Посидев еще какое-то время, наблюдая, как деревья покачиваются под ветром, который медленно, точно слепой, крался с потемневших холмов, Николо поднялся и с видом матроса, увидевшего морское чудовище, спросил:
– Что это?
– Ты о чем? – переспросил Алессандро в манере старого солдата, который никогда не забывает напряжения грядущей атаки.
– Там, наверху.
Алессандро поднял голову.
– Персеиды.
– Это что?
– Персеиды. Метеоритный дождь, который начинается в августе. Сегодня, наверное, первая ночь. В прошлую я их не видел, а мы находились высоко на гребне, где звезды видны лучше, чем где бы то ни было.

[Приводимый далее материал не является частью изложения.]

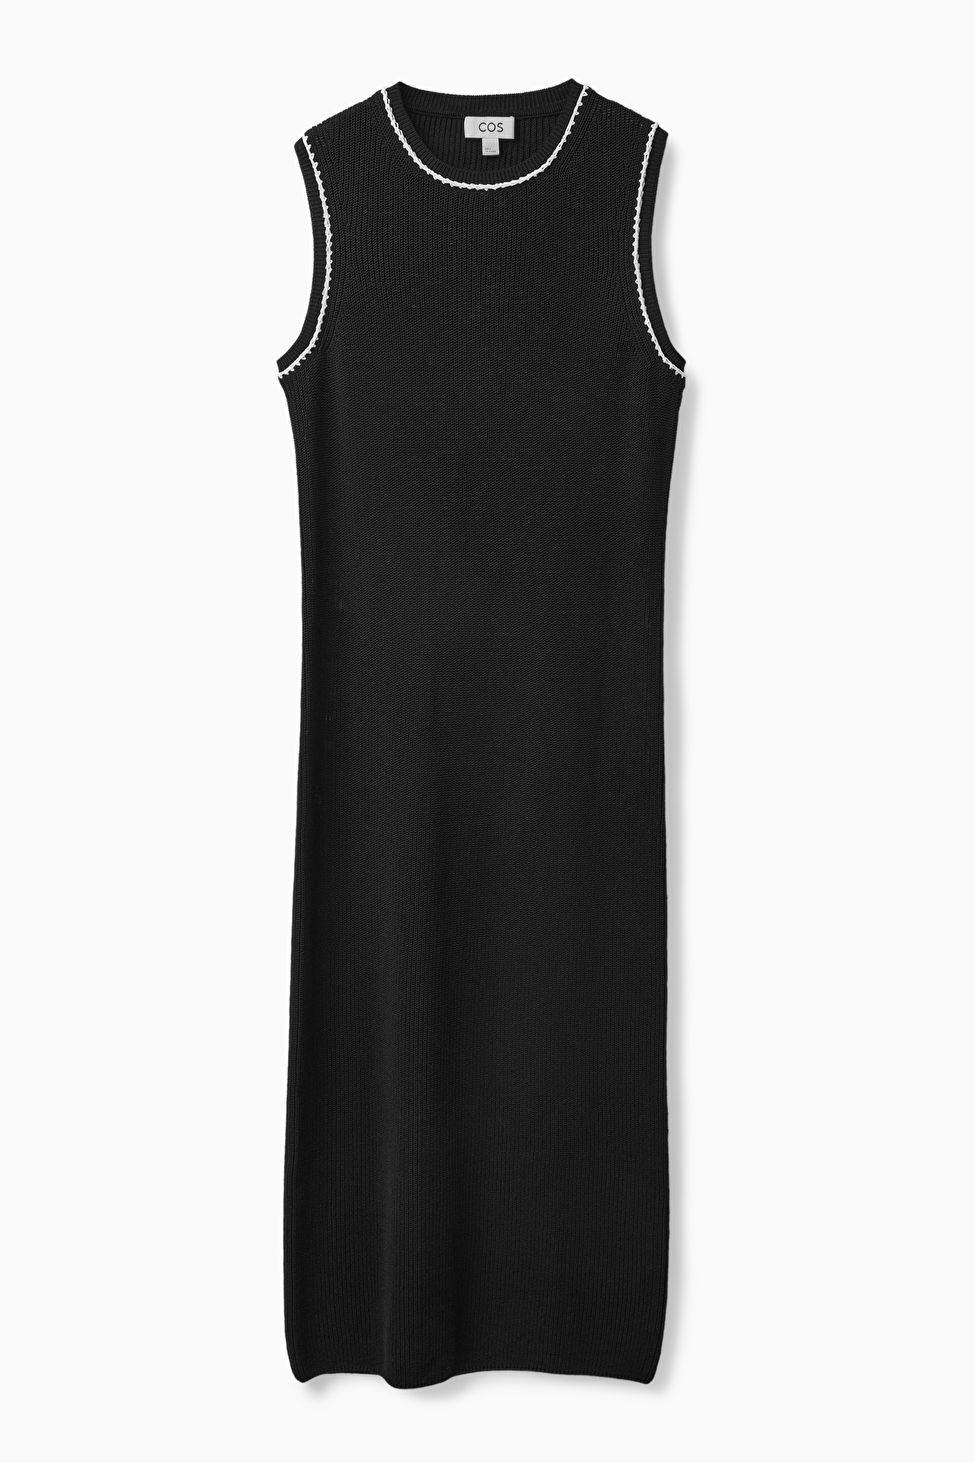 KNITTED MIDI DRESS - BLACK - COS | COS UK

– Дайте мне ваши очки, – попросил Николо.
Надев их, посмотрел на небо, пристально и раздумчиво. И в посадке головы, гладкости лица, легкости движения Алессандро видел не себя в его возрасте, потому что слишком это было давно и почти забылось, но образ своего сына.
– Откуда они берутся? – спросил Николо. – Посмотрите! Их тысячи. Как горящий магний.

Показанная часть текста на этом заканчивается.